Waist circumference is an emergent measure of body composition. Its use as a dimension of body composition is justified for various reasons. First, it is an indicator of abdominal fat as opposed to waist-to-hip circumference ratio, which is an indicator of fat distribution (Despres et al., 1989). Second, criterion measures that relate to health have already been established in certain populations of youth (Liu et al., 2010). Further, other measures are more challenging to administer, such as measuring hip circumference to determine waist-to-hip ratio (WHO, 2011). Additionally, other waist measures have insufficient data to support their consideration and have not been found to be a better predictor of health risk than waist circumference (Huxley et al., 2010). Waist circumference is strongly associated with intra-abdominal (visceral) adipose tissue (r = 0.84) and subcutaneous abdominal adipose tissue (r = 0.93) in prepupertal children (Goran and Gower, 1998) and with trunk fat (r = 0.92) in children and youth aged 3-19 (Taylor et al., 2000).
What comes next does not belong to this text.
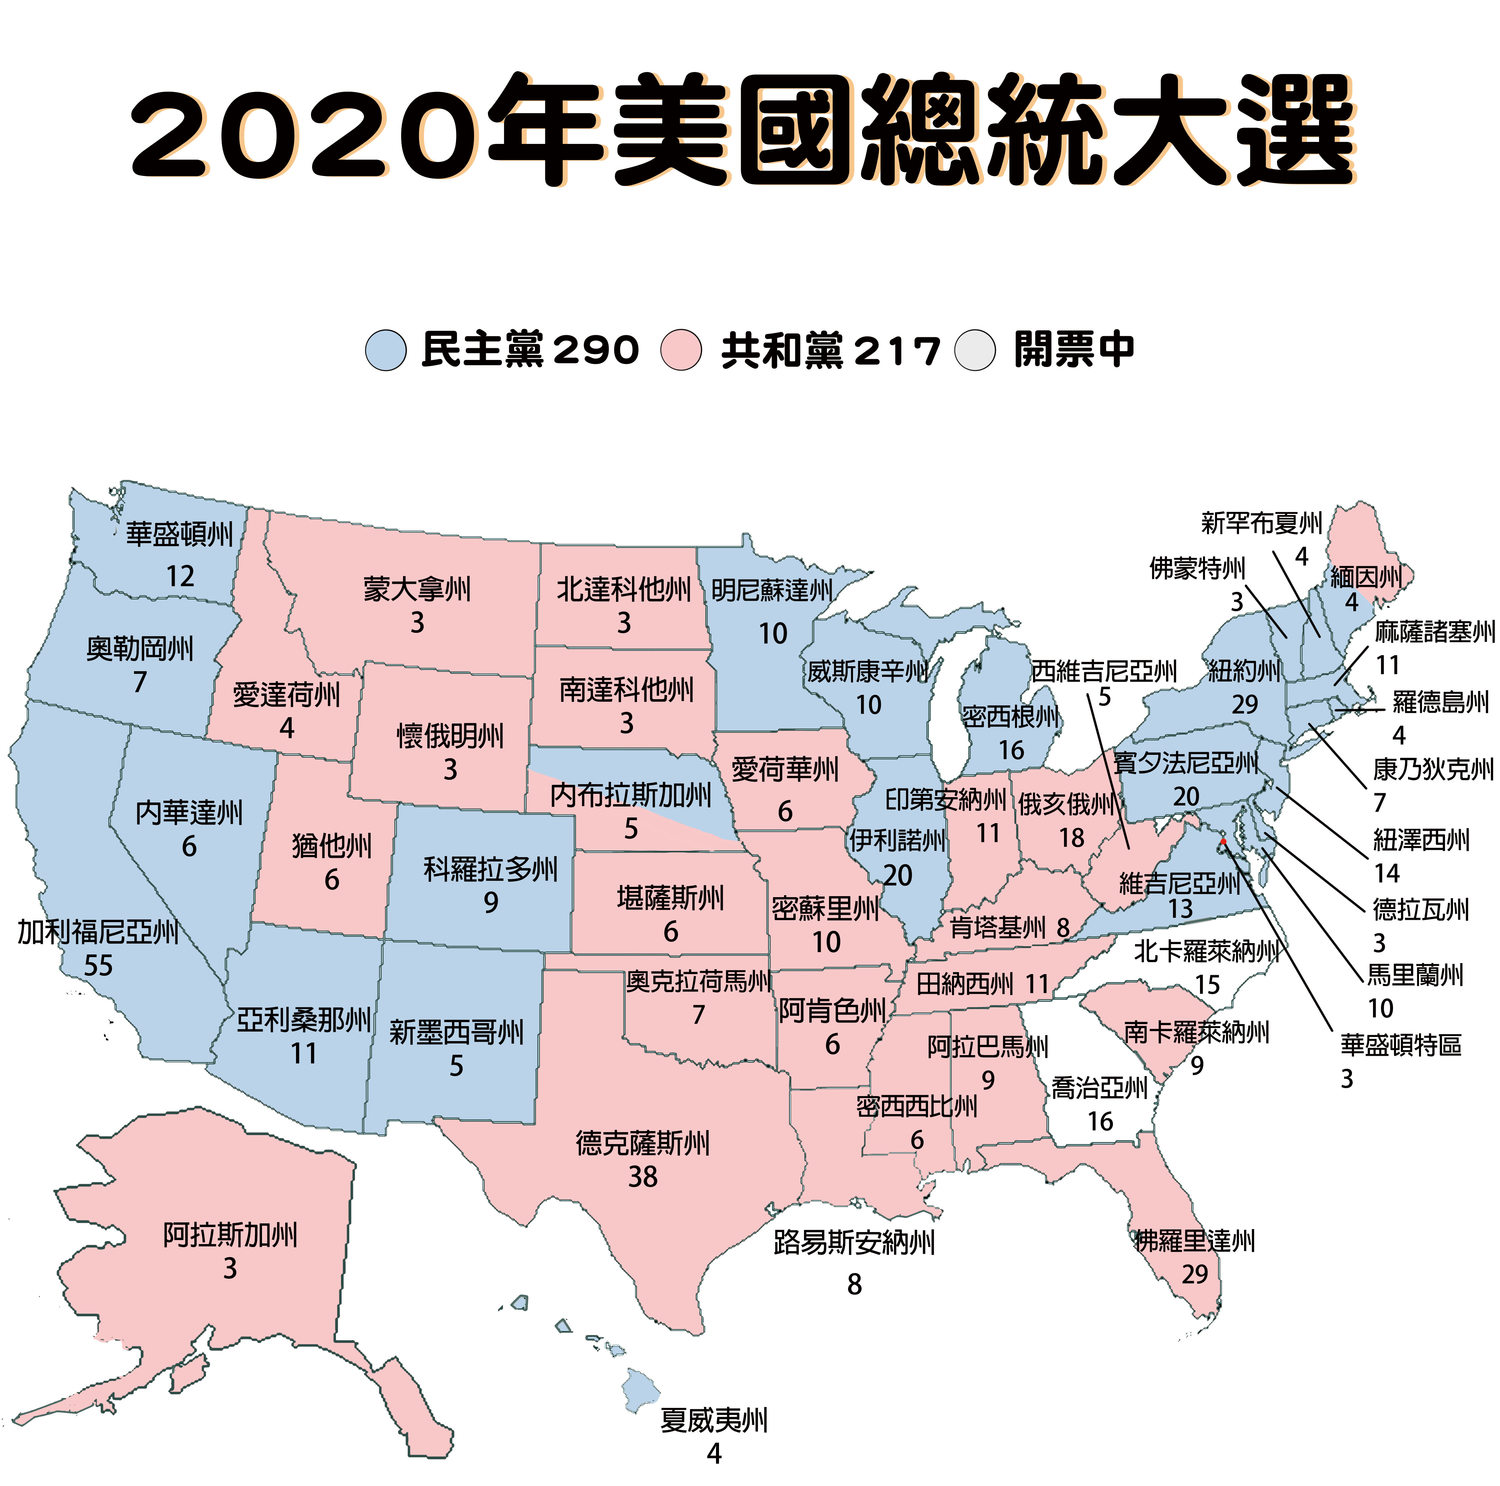 2020 美國總統大選開票數據。依據福斯新聞的最新報導，川普拿下阿拉斯加州，新增3張選舉人票。目前選舉人票總數拜登 290 vs.川普 217。   圖：新頭殼製作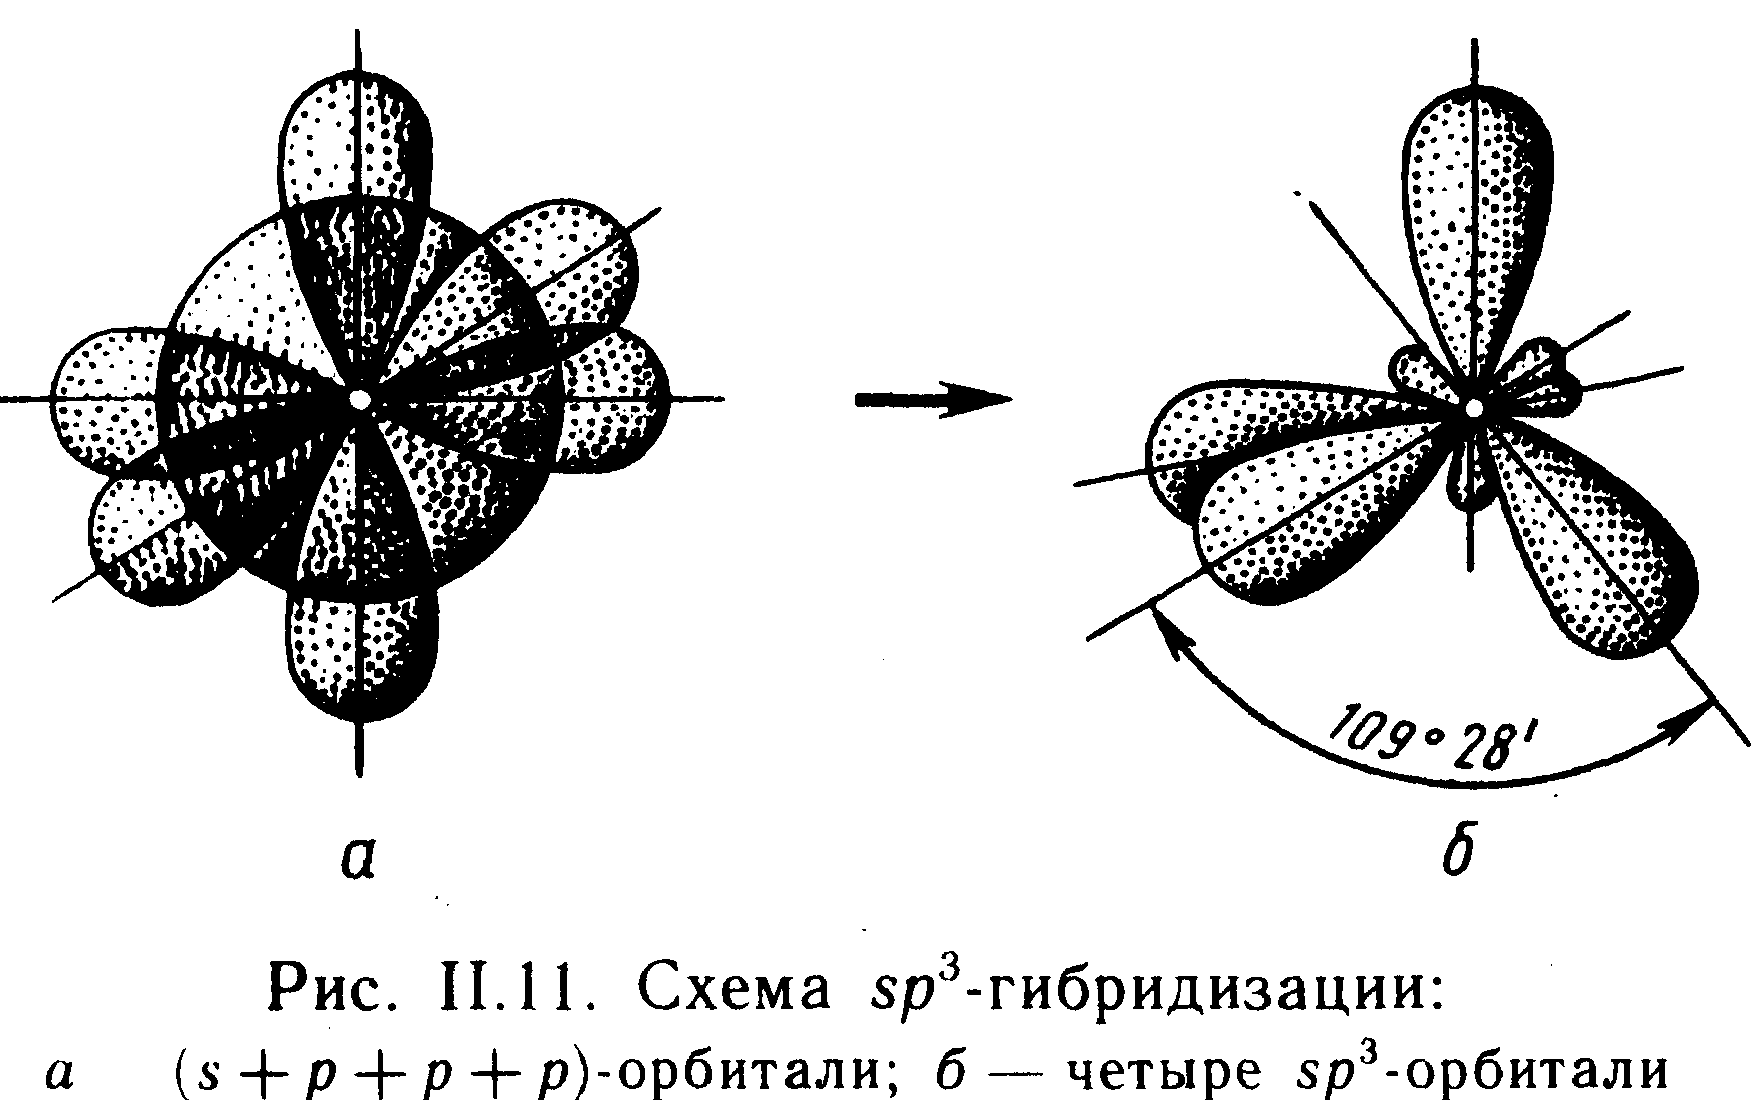 Стирол гибридизация атома. Гибридизация орбиталей (SP-, sp2 -, sp3 -). Схема перекрывания атомных орбиталей co2. Гибридизация валентных орбиталей. Sp3 гибридизация углерода.

On the other hand, it has been suggested that waist circumference has no advantage over BMI for diagnosing high fat mass in youth aged 9-10 (Reilly et al., 2010).
According to a measurement protocol for adolescents, intra- and interobserver technical errors of measurement for waist circumference have been calculated at 1.31 cm and 1.56 cm, respectively (Malina et al., 1973). As mentioned above, a review of reliability found higher intra- and interobserver reliability for BMI and waist circumference than for skinfold thicknesses (Artero et al., 2011). Mueller and Malina (1987) report high intra- and interobserver reliabilities for waist circumferences of 0.97 and 0.96, respectively, based on data from the Health Examination Survey for youth aged 12-17. Technical errors have also been reported in national surveys (ODPHP, 1985, 1987).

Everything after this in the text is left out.